Median tumour diameter was 5.0 cm (range: 0.6-22 cm). Tumour necrosis was noted in 607 tumours (32.6%). Median follow-up was 72.5 mo (range: 0-281 mo); 359 of 1862 patients (19.3%) died of RCC. Ten-year CSS rates for respective SSIGN scores in our study ranged from 96.5% (scores 0-1) to 19.2% (scores > or =10). pT categories, lymph-node status, distant metastases, high tumour grade (size > or =5 cm), and necrosis were each independent predictors of CSS. The Harrell's concordance index was 0.823. Limitations included smaller sample sizes in higher risk categories and limited numbers of patients at risk after 10 yr.

CONCLUSIONS

Outcome prediction with the SSIGN score using routine pathology records was comparable to the original data based on review pathology.
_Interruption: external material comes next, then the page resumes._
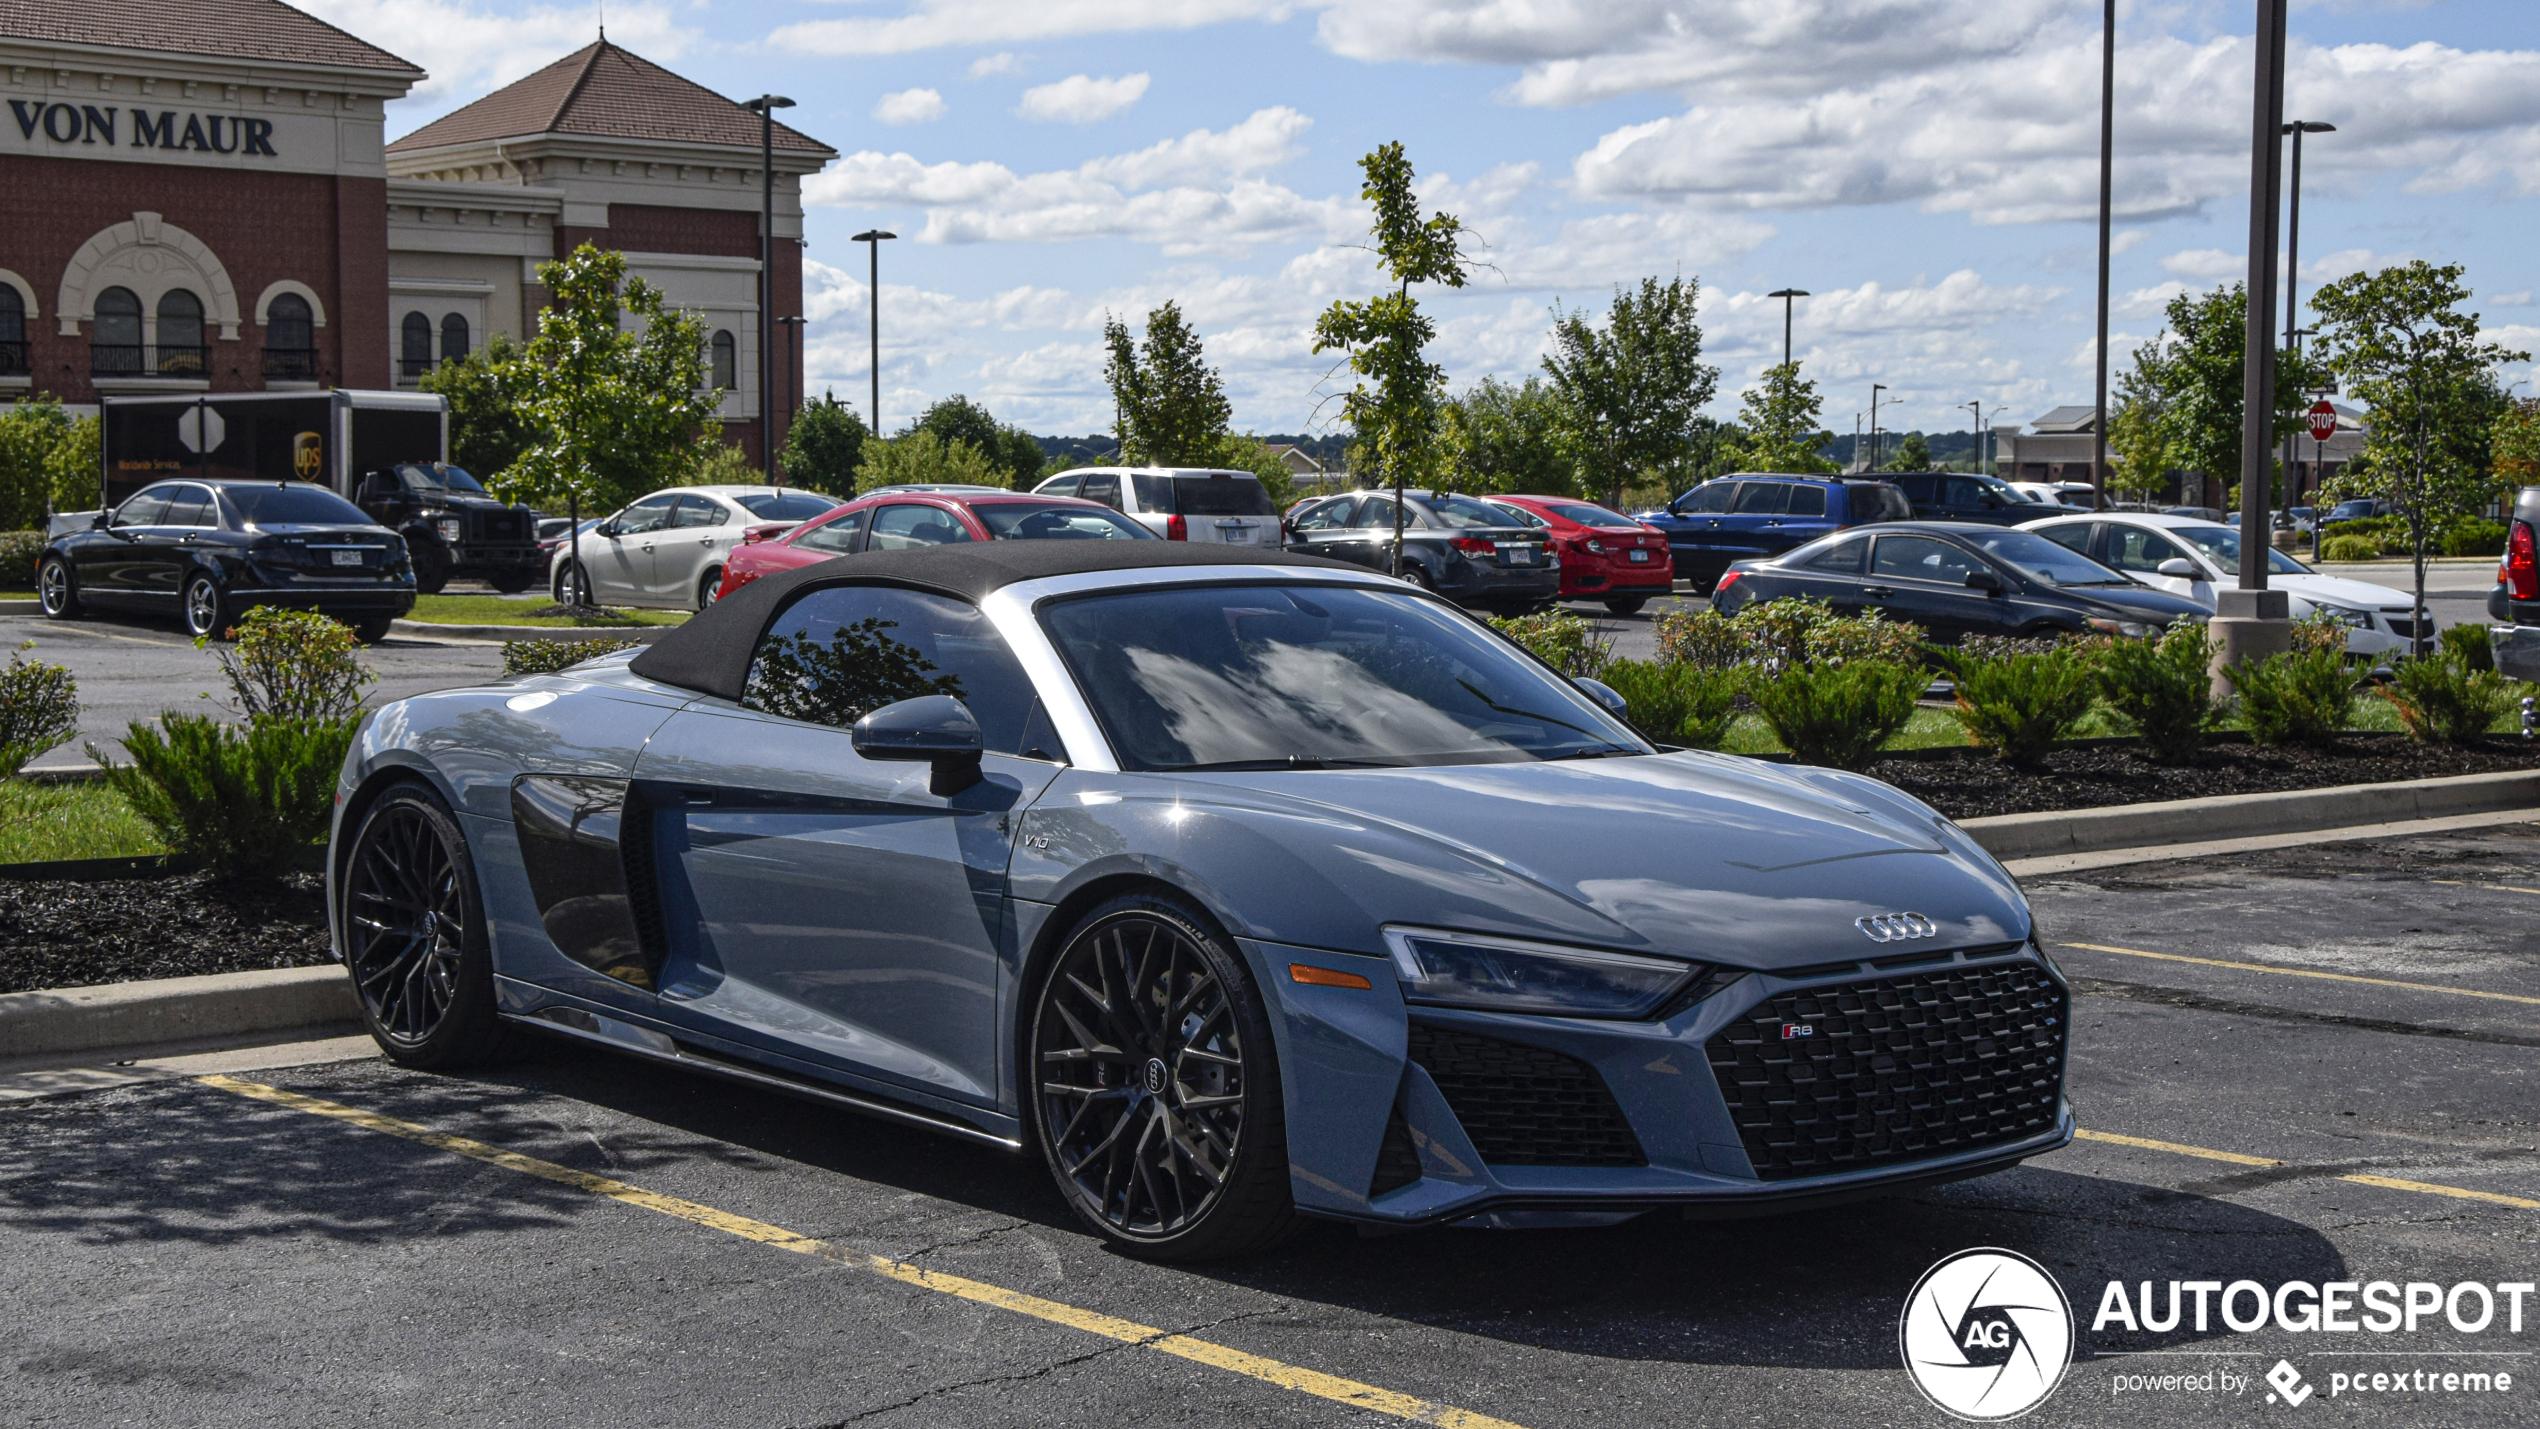 Audi R8 V10 Spyder 2019

Combining scores into five categories improved discrimination. Our data support the routine use of the SSIGN score in clinical practice with regard to follow-up decisions and patient selection for adjuvant trials.

摘要

背景

SSIGN(阶段、大小、分级和坏死)评分是作为一种用于透明细胞肾细胞癌(ccRCC)的预后预测工具,通过回顾性病理研究创建的。

目的

我们使用常规病理记录评估 SSIGN 评分模型的预后准确性。

设计、设置和参与者:我们回顾性地评估了 1984 年至 2006 年间接受手术治疗的 1862 例连续 ccRCC 患者的完整病理记录,包括随访数据。

干预

ccRCC 患者的手术治疗。

测量

记录 TNM 分期、最大肿瘤直径、肿瘤分级和组织学肿瘤坏死情况。根据 SSIGN 评分算法,ccRCC 分为 0-15 分。使用 Kaplan-Meier 方法评估个体 SSIGN 评分类别(分别为评分 0-1 和≥10)的癌症特异性生存率(CSS)。为了评估分期、大小、分级和坏死对 CSS 的预后影响,我们使用 Cox 回归模型进行了多变量分析,并使用 Harrell 一致性指数评估了预后准确性。

结果和局限性

中位肿瘤直径为 5.0cm(范围:0.6-22cm)。有 607 例肿瘤(32.6%)存在肿瘤坏死。中位随访时间为 72.5 个月(范围:0-281 个月);1862 例患者中有 359 例(19.3%)死于 RCC。我们研究中相应 SSIGN 评分的 10 年 CSS 率范围从 96.5%(评分 0-1)到 19.2%(评分≥10)。pT 分期、淋巴结状态、远处转移、高肿瘤分级(大小≥5cm)和坏死均为 CSS 的独立预测因素。Harrell 一致性指数为 0.823。局限性包括高危类别中的样本量较小,以及 10 年后风险患者数量有限。

结论

使用常规病理记录的 SSIGN 评分进行预后预测与基于回顾性病理的原始数据相当。将评分组合成五个类别可提高区分度。我们的数据支持在临床实践中常规使用 SSIGN 评分,用于随访决策和辅助试验患者选择。